→ Exercise input:

┄┄┄┄┄┄┄┄┄┄

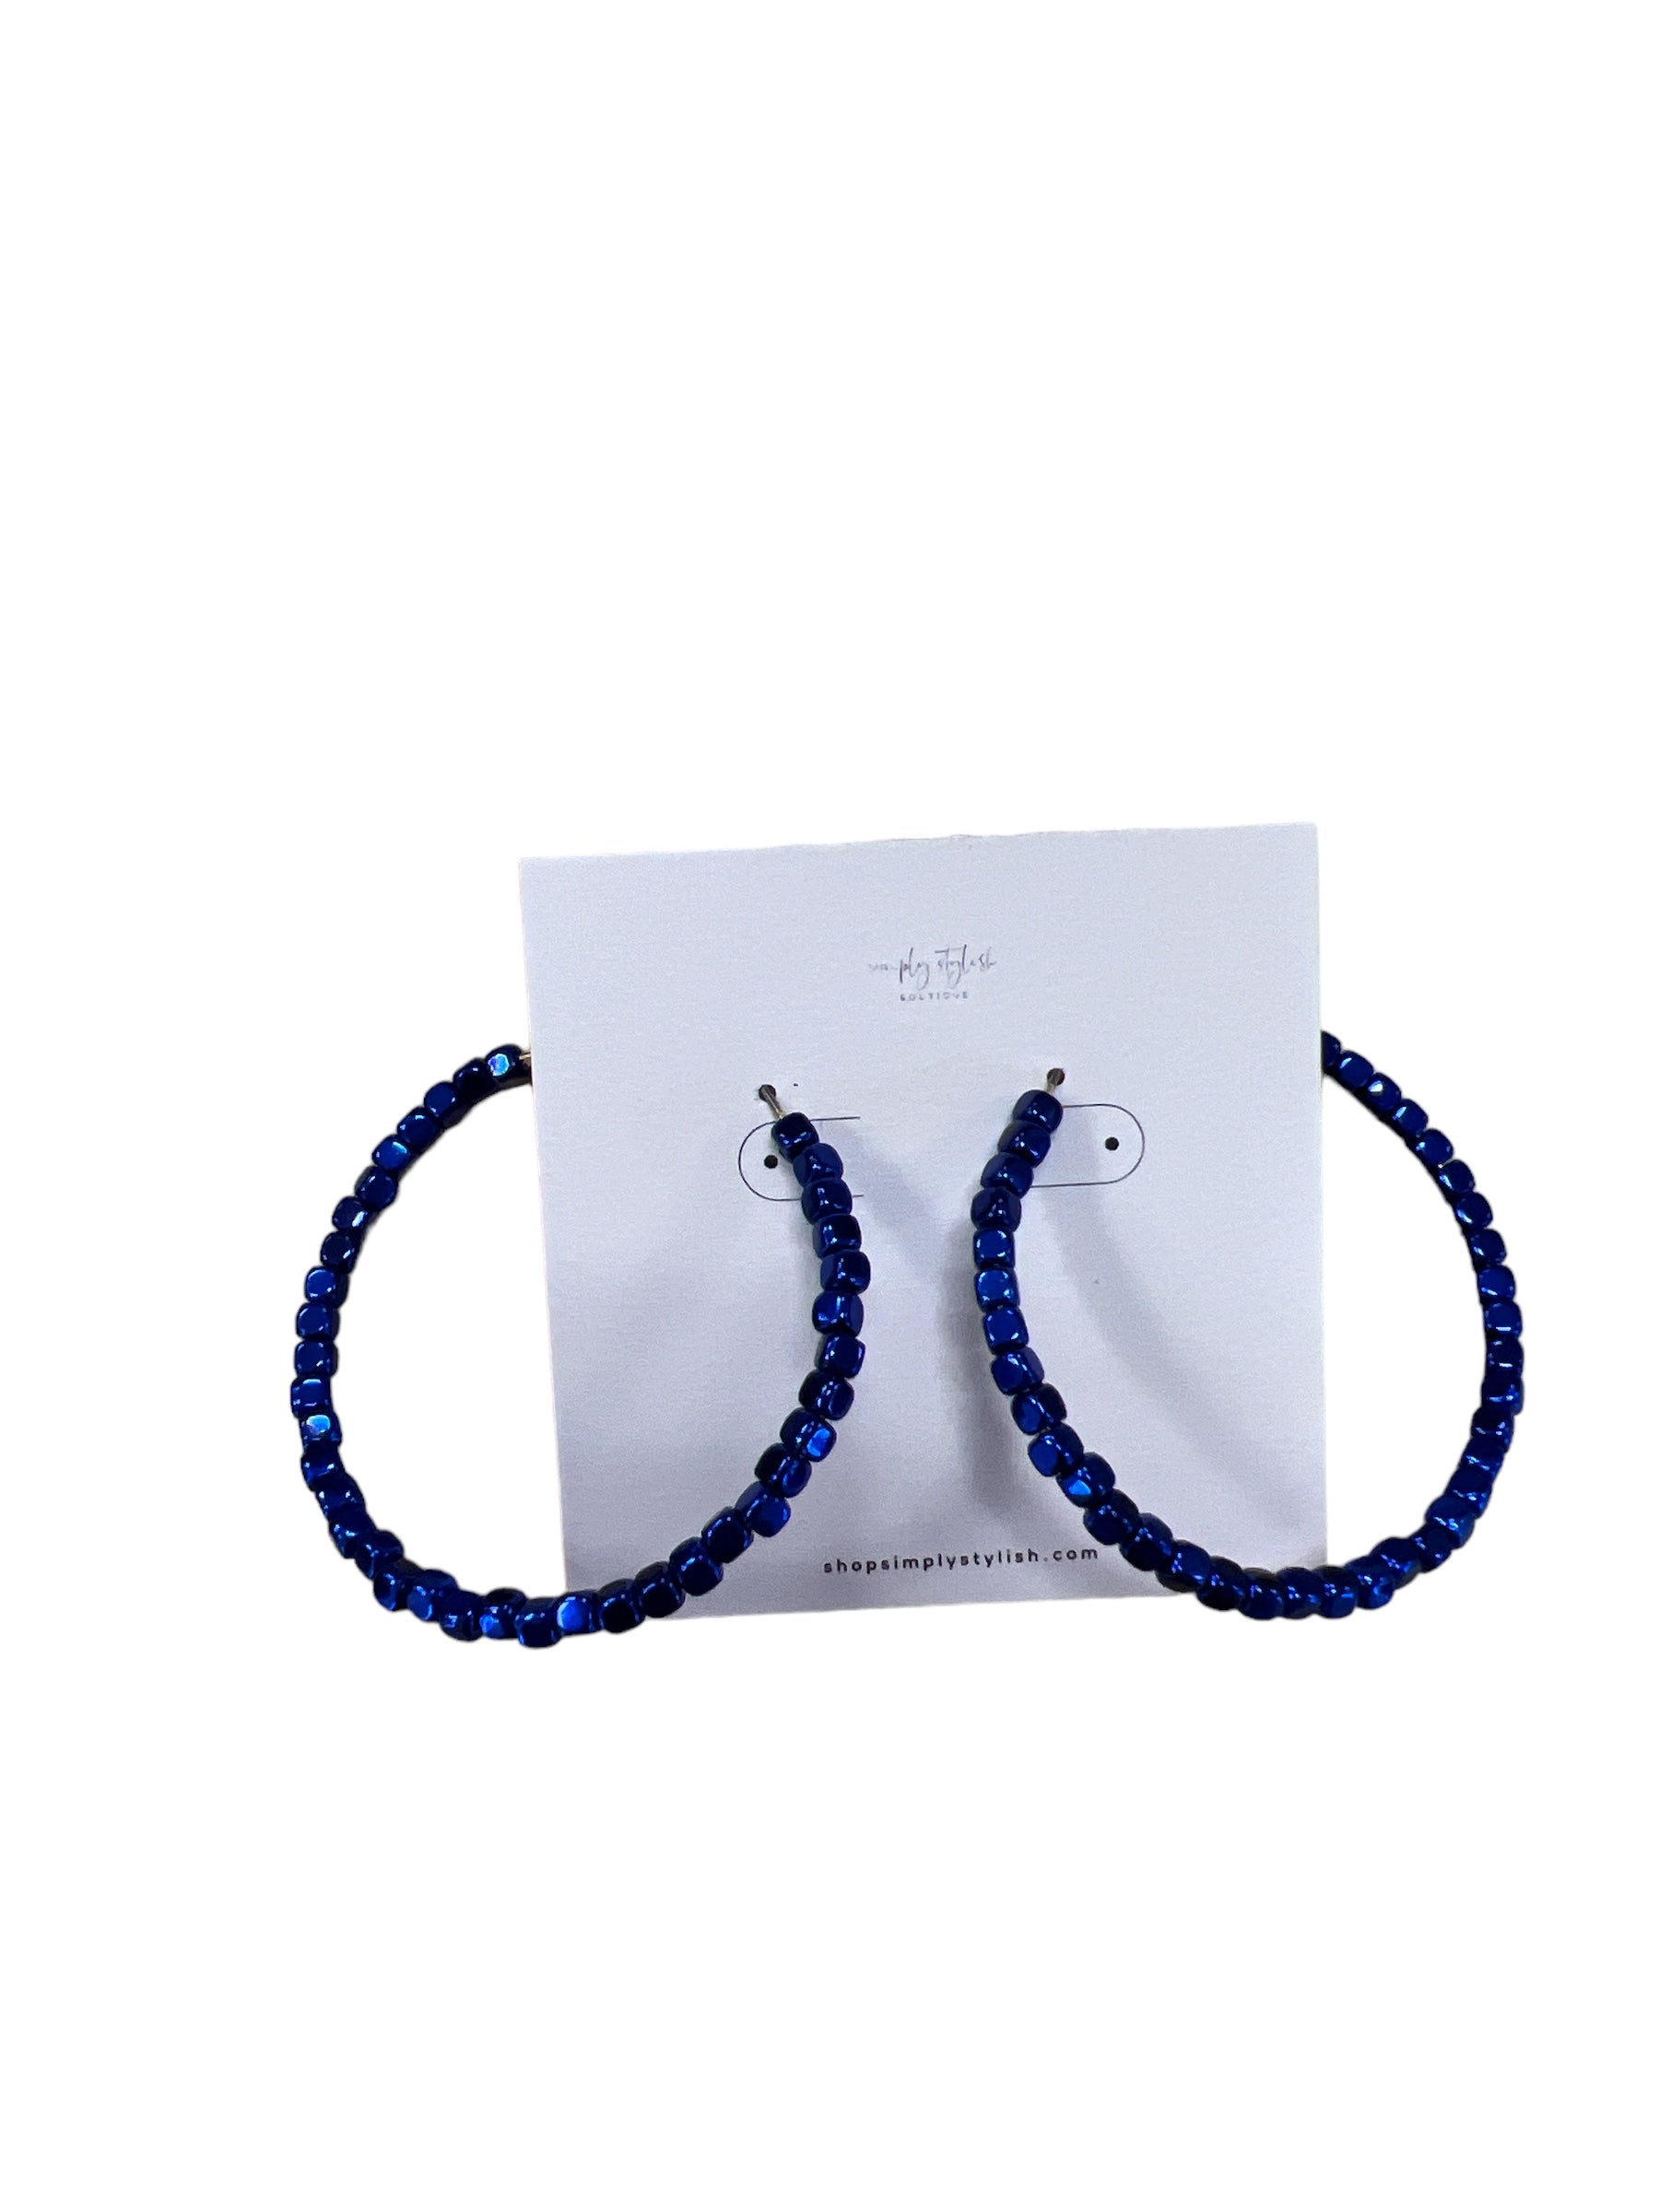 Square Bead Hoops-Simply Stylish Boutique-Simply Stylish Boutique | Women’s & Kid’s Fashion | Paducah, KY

┄┄┄┄┄┄┄┄┄┄

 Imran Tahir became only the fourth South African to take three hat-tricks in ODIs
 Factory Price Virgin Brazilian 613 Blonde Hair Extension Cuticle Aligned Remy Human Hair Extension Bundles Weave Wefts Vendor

┄┄┄┄┄┄┄┄┄┄

→ Problem statement: Everything above from the line containing "Imran Tahir became" down to the line containing "Factory Price Virgin" is to be transcribed exactly, with both of those lines included and nothing else added.

→ Exercise response:
 Imran Tahir became only the fourth South African to take three hat-tricks in ODIs
 Factory Price Virgin Brazilian 613 Blonde Hair Extension Cuticle Aligned Remy Human Hair Extension Bundles Weave Wefts Vendor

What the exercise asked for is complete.